→ SUPPLIED MATERIAL
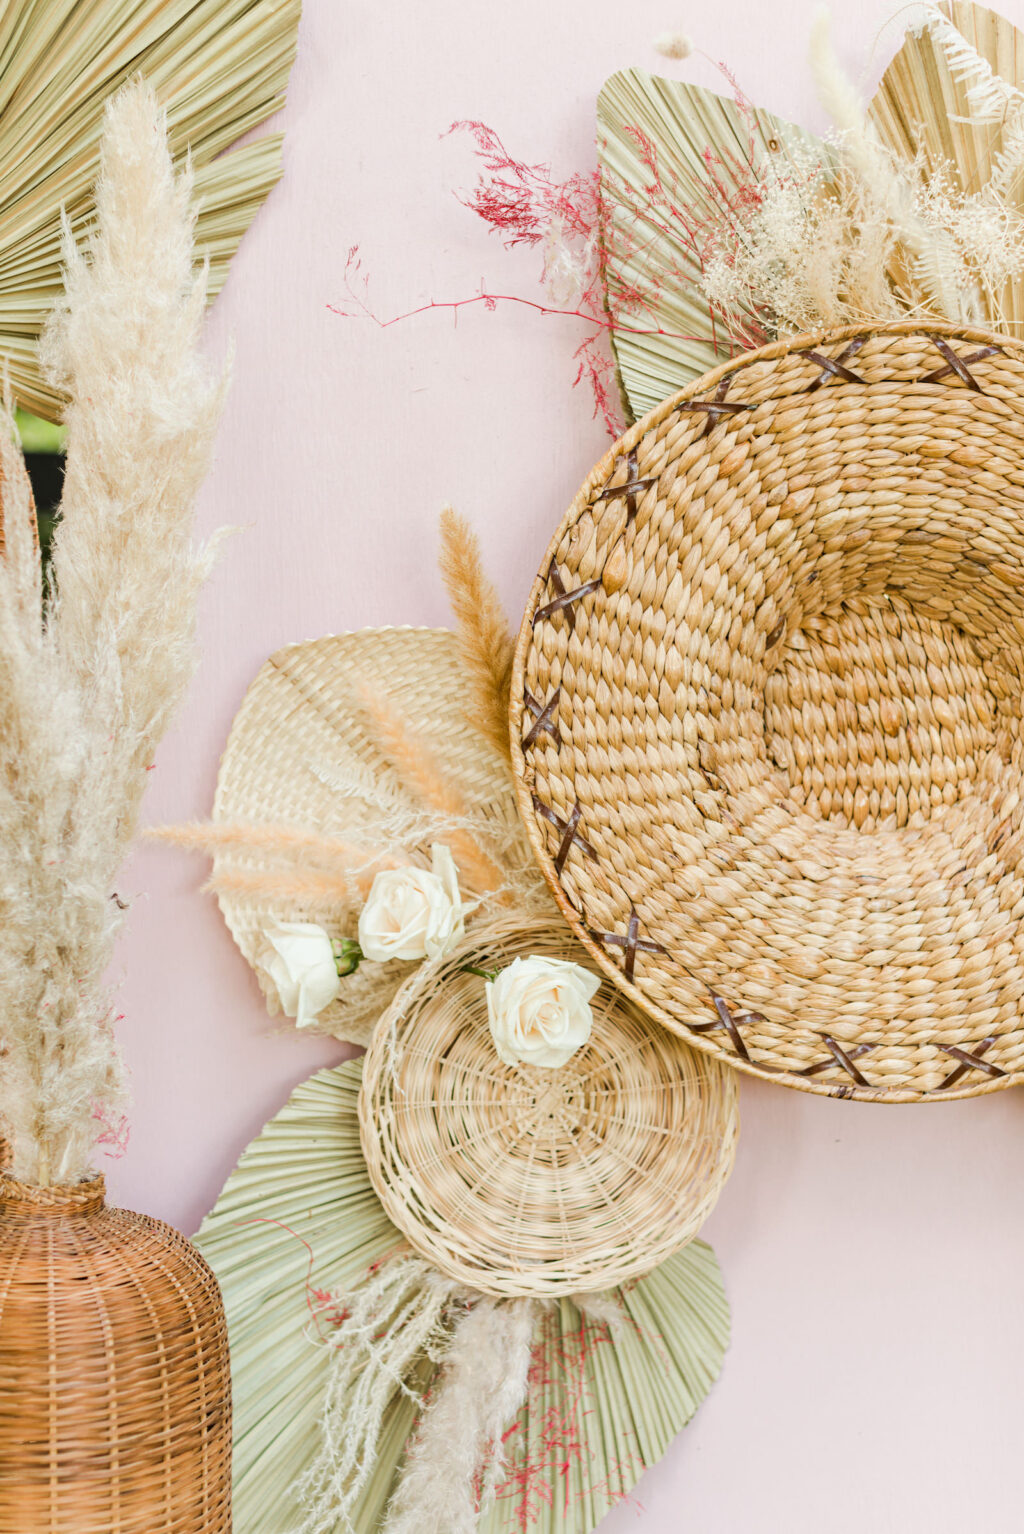 Boho Mid-Century Modern Wedding Ceremony Decor, Pink Wooden Round Arch with Sage Green Dried Leaves, Handwoven Baskets, Pampas Grass in Tall Rattan Vase | Tampa Wedding Ceremony Backdrop Designer Taylored Affairs | Big Fake Wedding
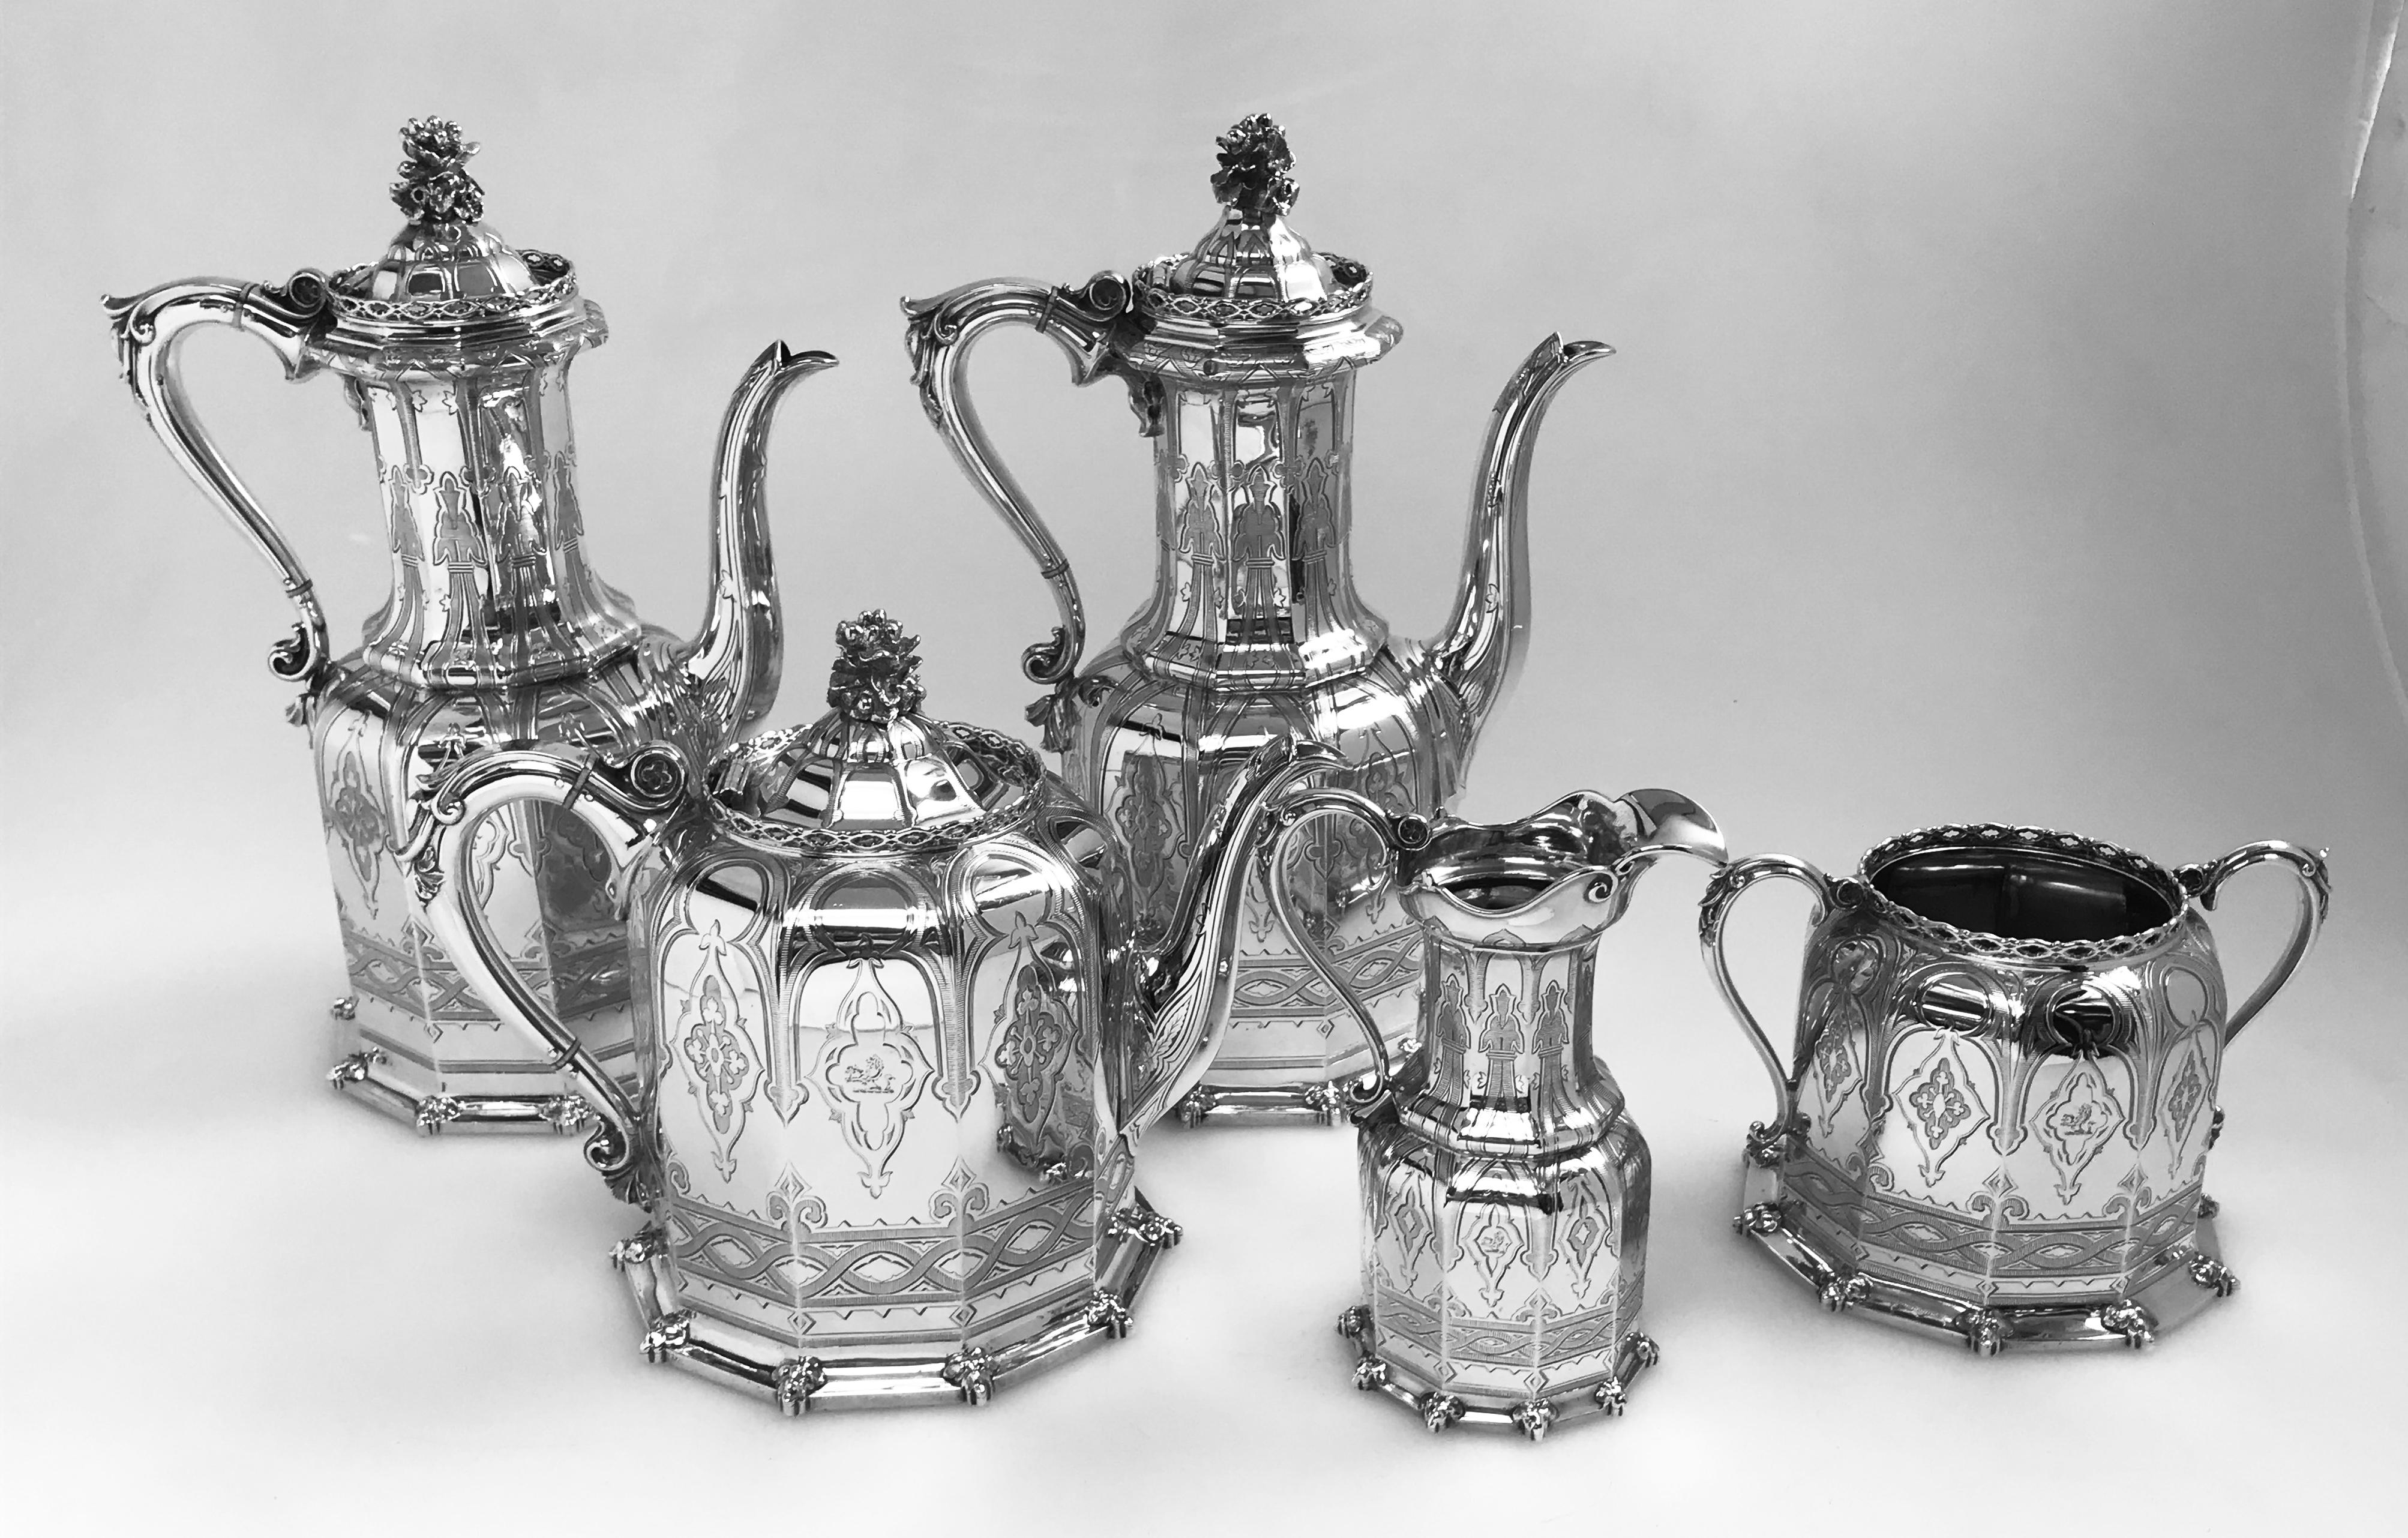 A 5-piece silver tea and coffee set hallmarked in the year 1853 in Birmingham, England by the internationally renowned firm of Elkington & Co. The set is in the neo-Gothic style that was popular in the mid-1850s, and consists of two coffee pots, one
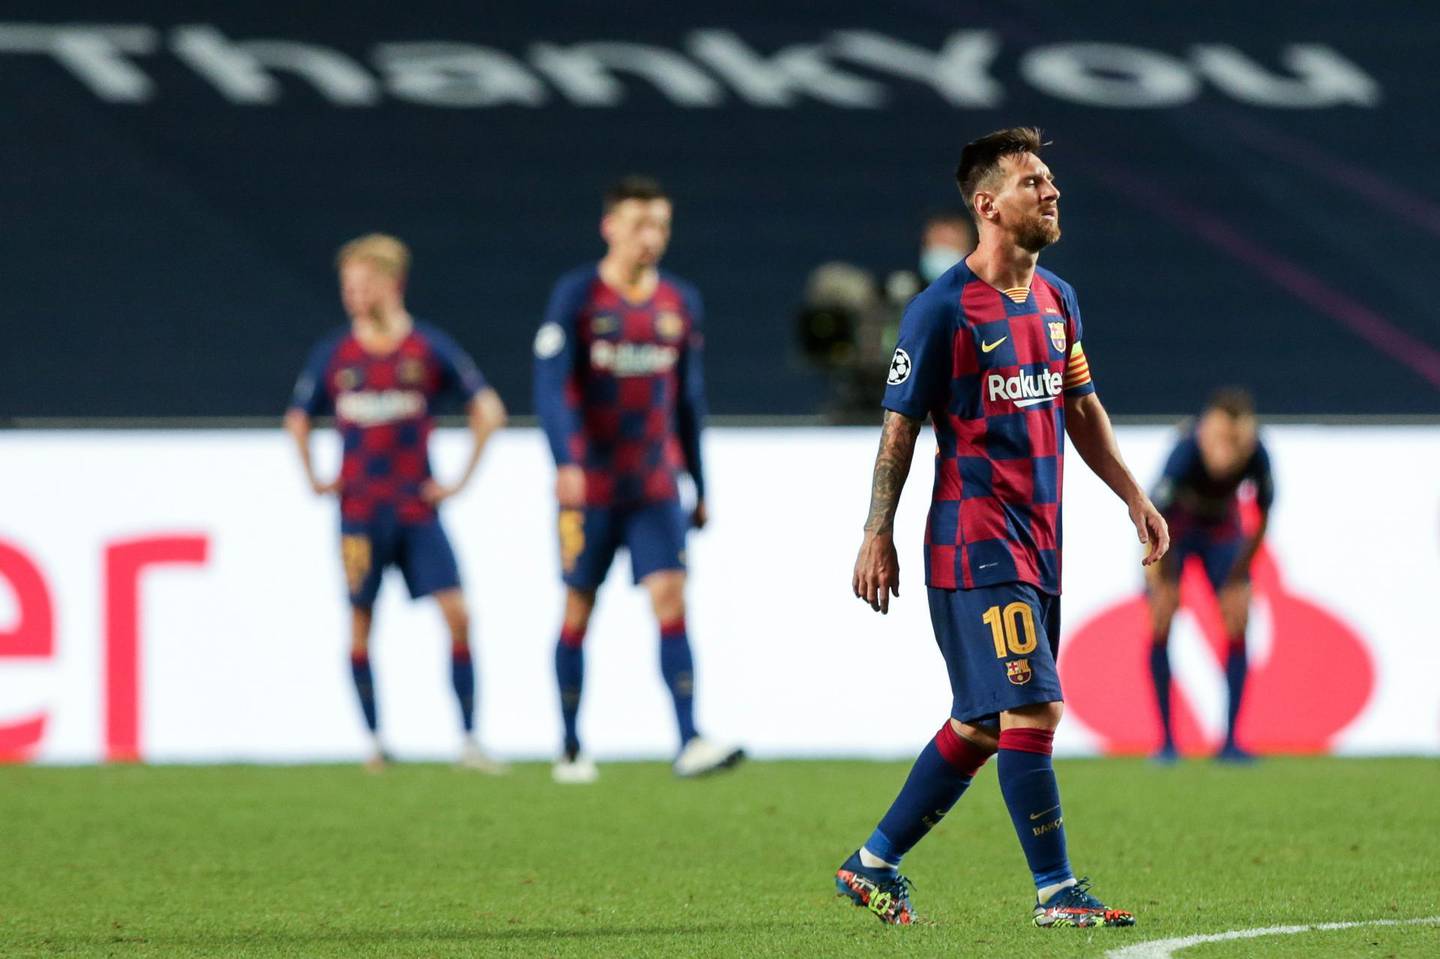 epa08604466 FC Barcelona's Lionel Messi shows his dejection at the end of the UEFA Champions League quarter final soccer match FC Barcelona vs Bayern Munich held at Luz Stadium in Lisbon, Portugal, 14 August 2020.  EPA/TIAGO PETINGA

→ YOUR OBJECTIVE
Copy out exactly, without any pictures, the lines above that begin at the one with "A 5-piece silver" and end at the last line of the listing.

→ SOLUTION BELOW
 A 5-piece silver tea and coffee set hallmarked in the year 1853 in Birmingham, England by the internationally renowned firm of Elkington & Co. The set is in the neo-Gothic style that was popular in the mid-1850s, and consists of two coffee pots, one
 epa08604466 FC Barcelona's Lionel Messi shows his dejection at the end of the UEFA Champions League quarter final soccer match FC Barcelona vs Bayern Munich held at Luz Stadium in Lisbon, Portugal, 14 August 2020.  EPA/TIAGO PETINGA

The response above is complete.